YOUR TASK: Check each line of the material, and show the ones that include the word "Photo".

THE DATA:
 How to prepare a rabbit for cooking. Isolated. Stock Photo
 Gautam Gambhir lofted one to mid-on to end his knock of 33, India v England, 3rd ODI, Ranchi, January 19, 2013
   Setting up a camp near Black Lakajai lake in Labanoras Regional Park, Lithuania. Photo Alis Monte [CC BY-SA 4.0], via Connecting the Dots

==

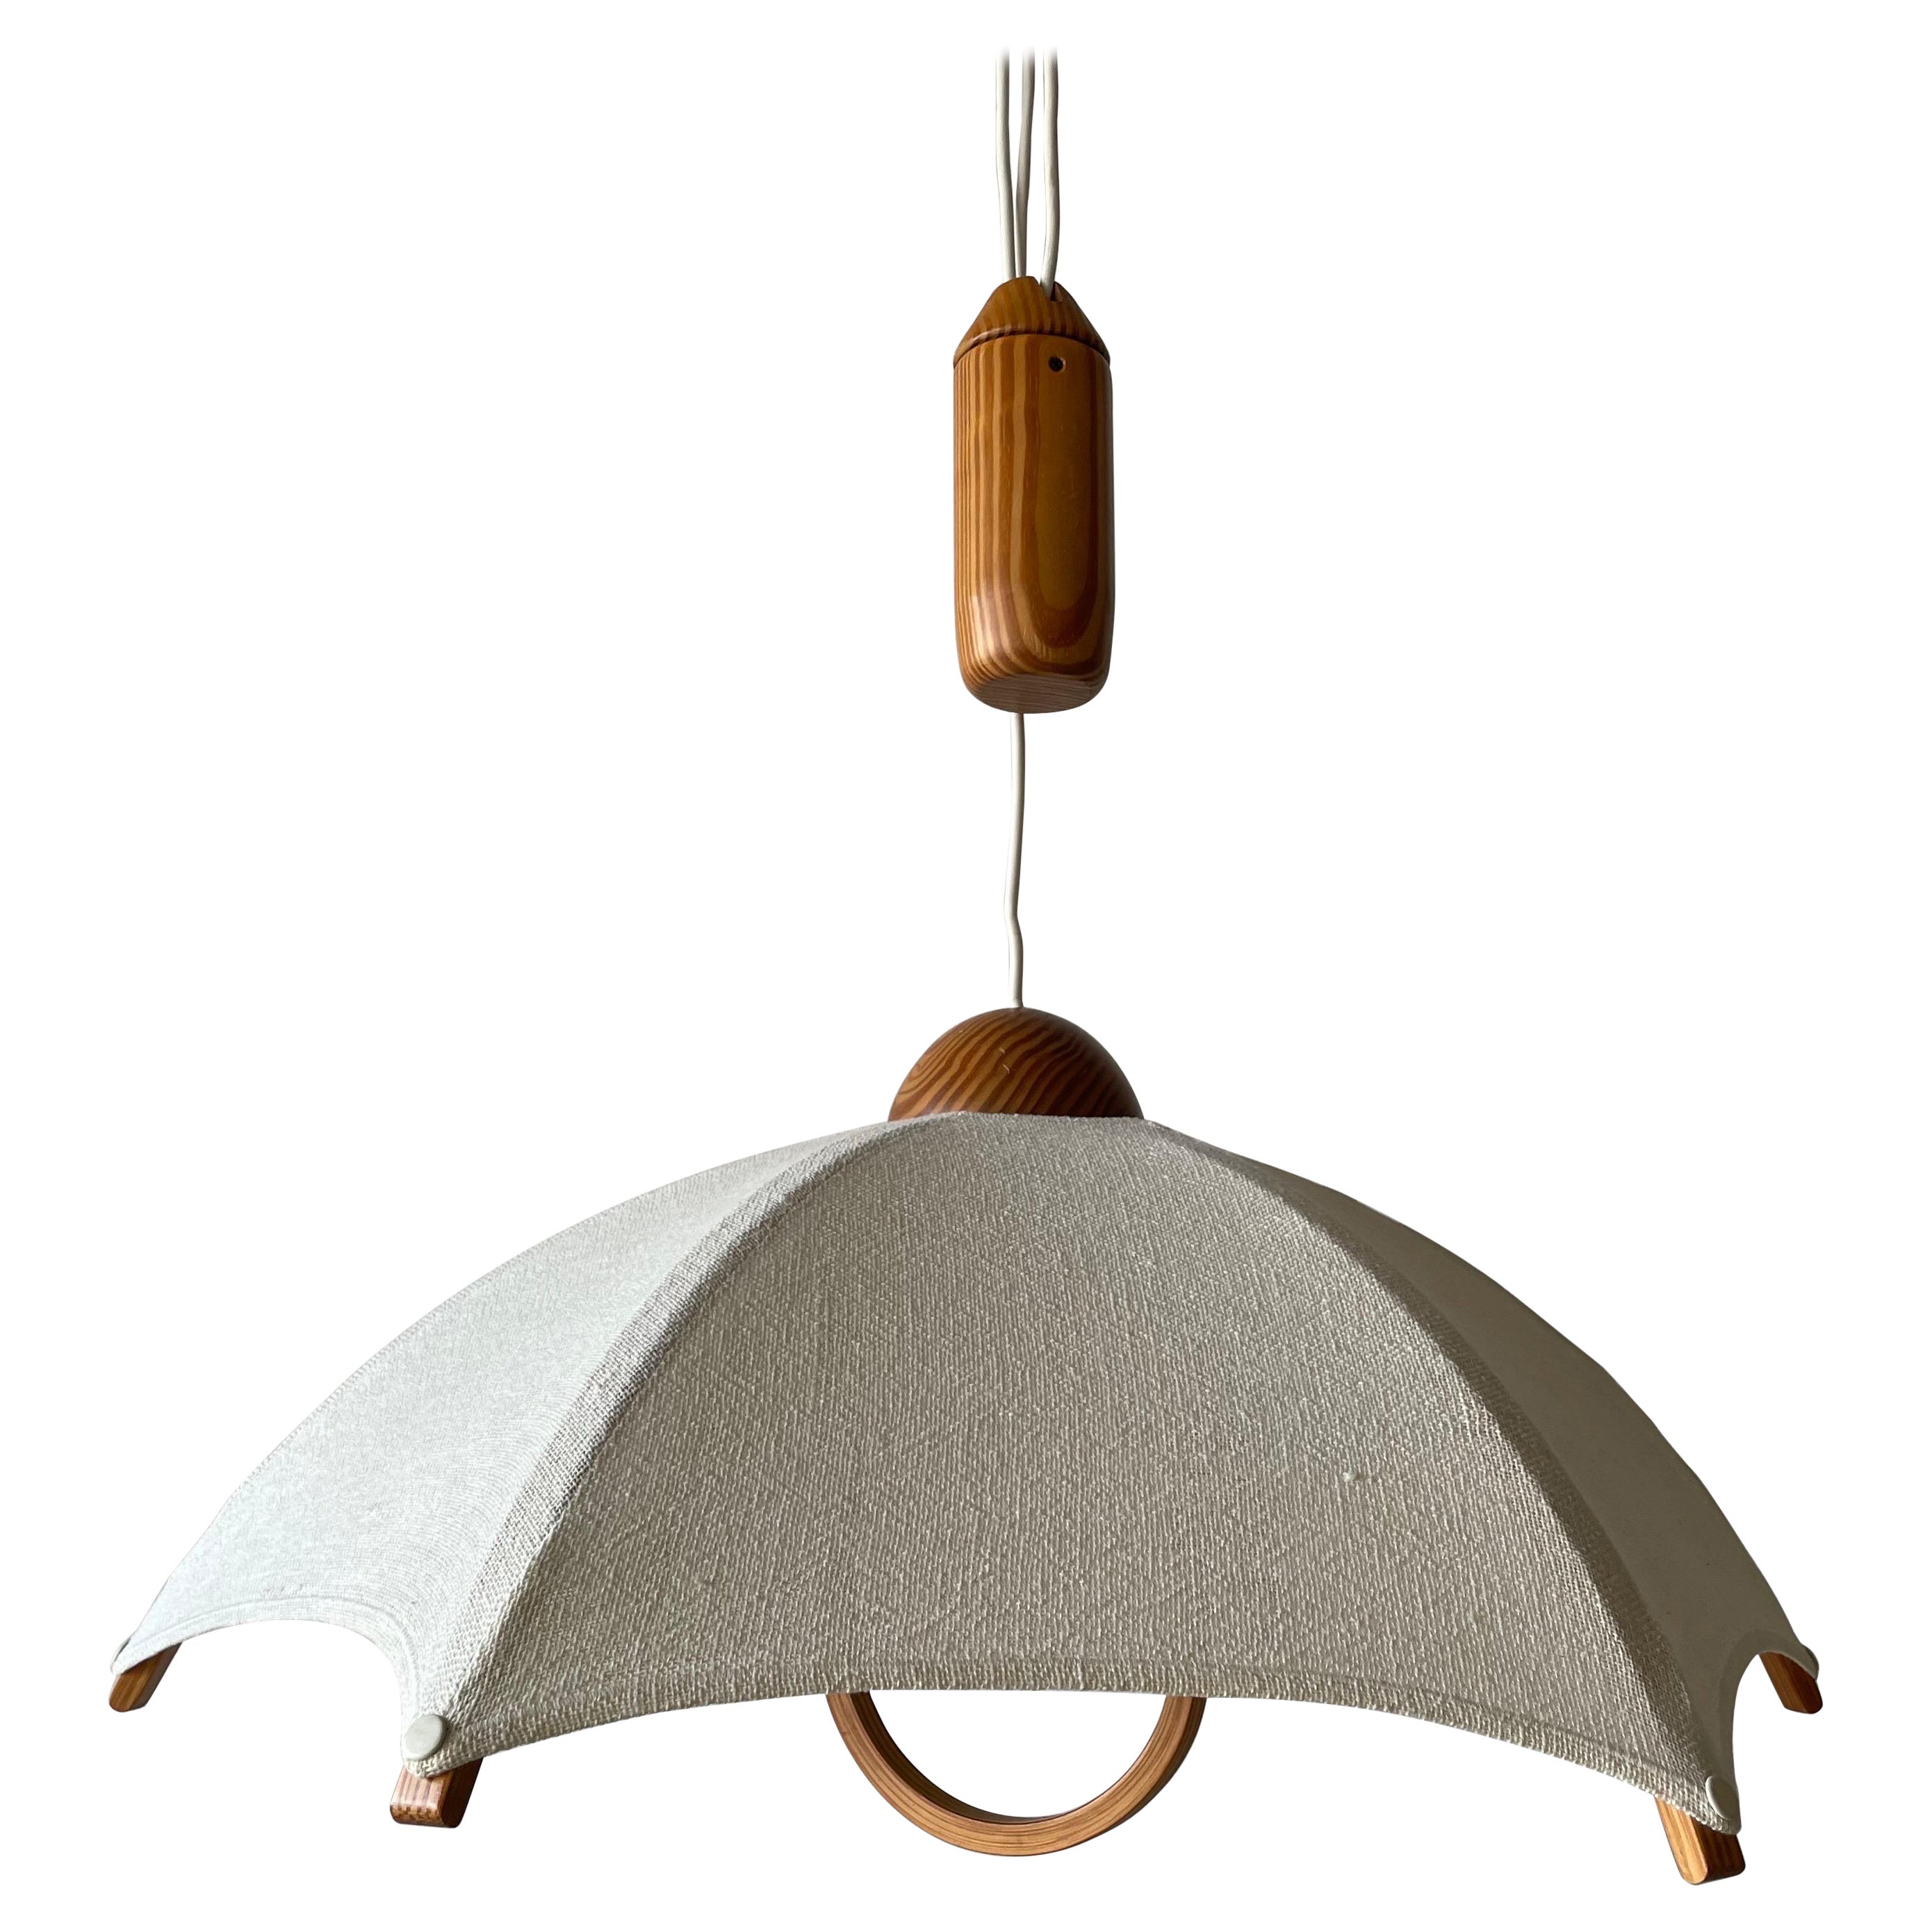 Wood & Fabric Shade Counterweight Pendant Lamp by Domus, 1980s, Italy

TASK ANSWER:
 How to prepare a rabbit for cooking. Isolated. Stock Photo
   Setting up a camp near Black Lakajai lake in Labanoras Regional Park, Lithuania. Photo Alis Monte [CC BY-SA 4.0], via Connecting the Dots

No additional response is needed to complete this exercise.